Temporal presence variation in computer games
Abstract
Increasingly, the sophistication of modern computer-gaming systems is becoming comparable to that of immersive, virtual-reality (VR) environments, and the popular VR research topic of ""presence"" is currently being explored in the context of computer games. The explosion in popularity of networked gameplay and the movement of computing infrastructure onto the internet and the cloud, mean that technical anomalies such as network latency and dropouts may increasingly disrupt players' experience of presence. This thesis investigates how participants react to "Breaks in Presence" (BIPs) in terms of their impact on participants' levels of presence and time needed for participants to recover from BIPs with a networked, first-person-shooter (FPS) game. Four distinct BIP types, which were selected because of their practical significance and because of their relevance to an established model for presence, are tested. Analyses are then conducted on the effects of two contrasting game modes (a low-involvement 'navigation game' and a high-involvement 'combat game') as well as two game displays (an immersive VR theatre and a non-immersive PC monitor) on the perceptions of these BIPs. As part of the experimental procedure, a new video-cued-recall slider technique is introduced.
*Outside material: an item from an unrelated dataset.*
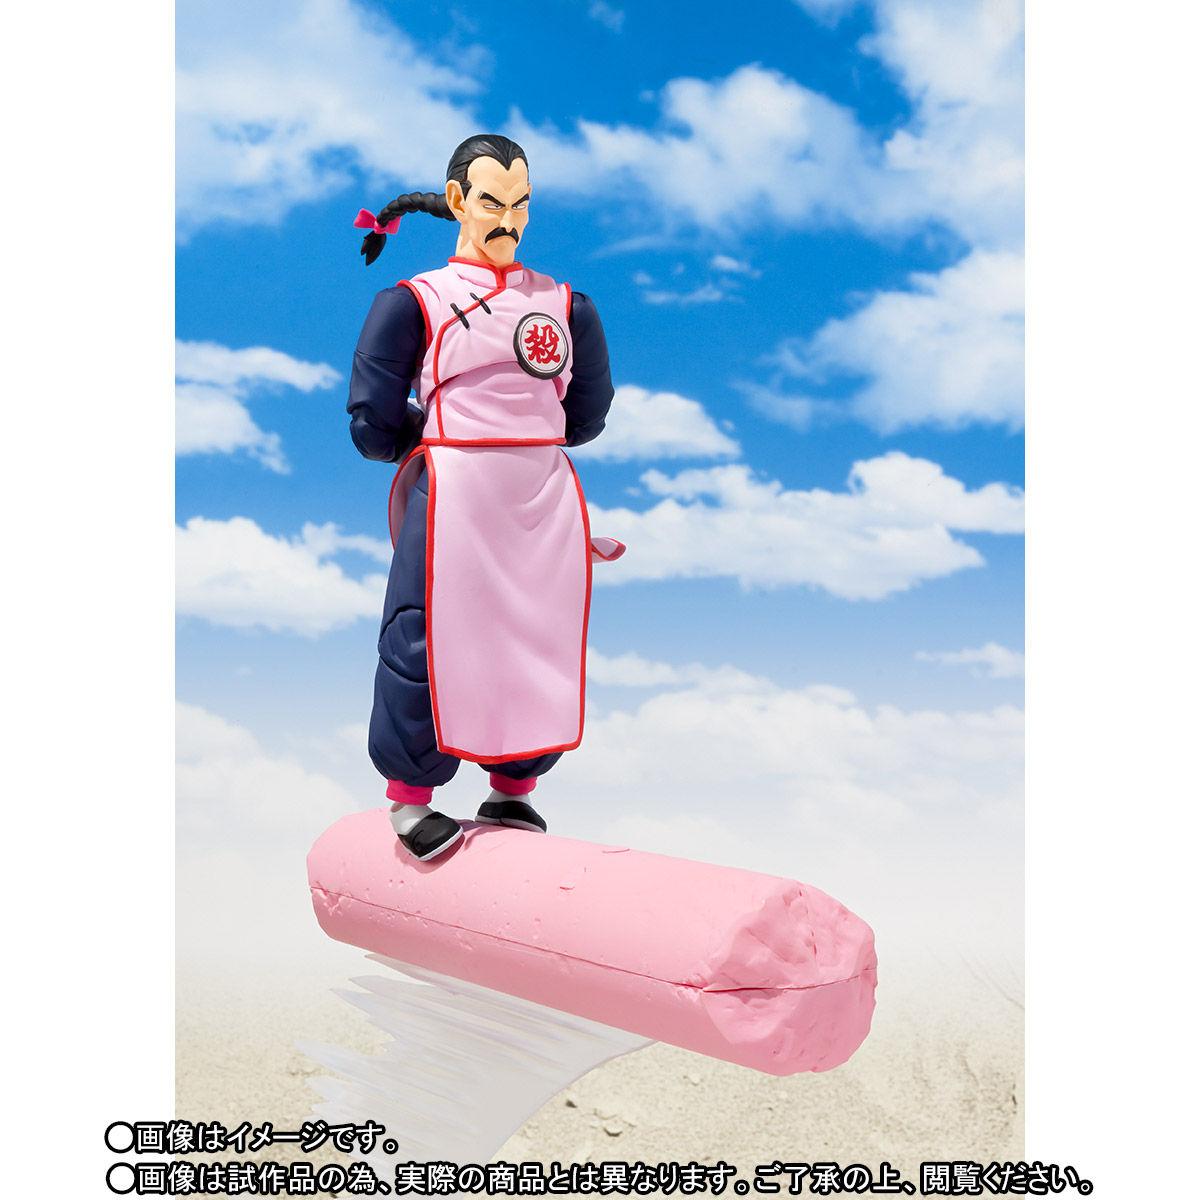 【限定販売】S.H.フィギュアーツ『桃白白』ドラゴンボール 可動フィギュア-006

This study shows that presence variations range continuously in their impact and in their recovery times (rather than being binary-state transitions) and participants experience different levels of impact and recovery from different BIPs. The findings show that perceptions of impact and recovery time behave differently and that, intriguingly, recovery time appears to be much more independent of game content and apparatus than impact is. There is evidence of strong carry-over effects in participants' recollections of the impact of BIPs from one game experience to the next. Results from the slider technique appear to show a good qualitative agreement with results from a post-experiment questionnaire.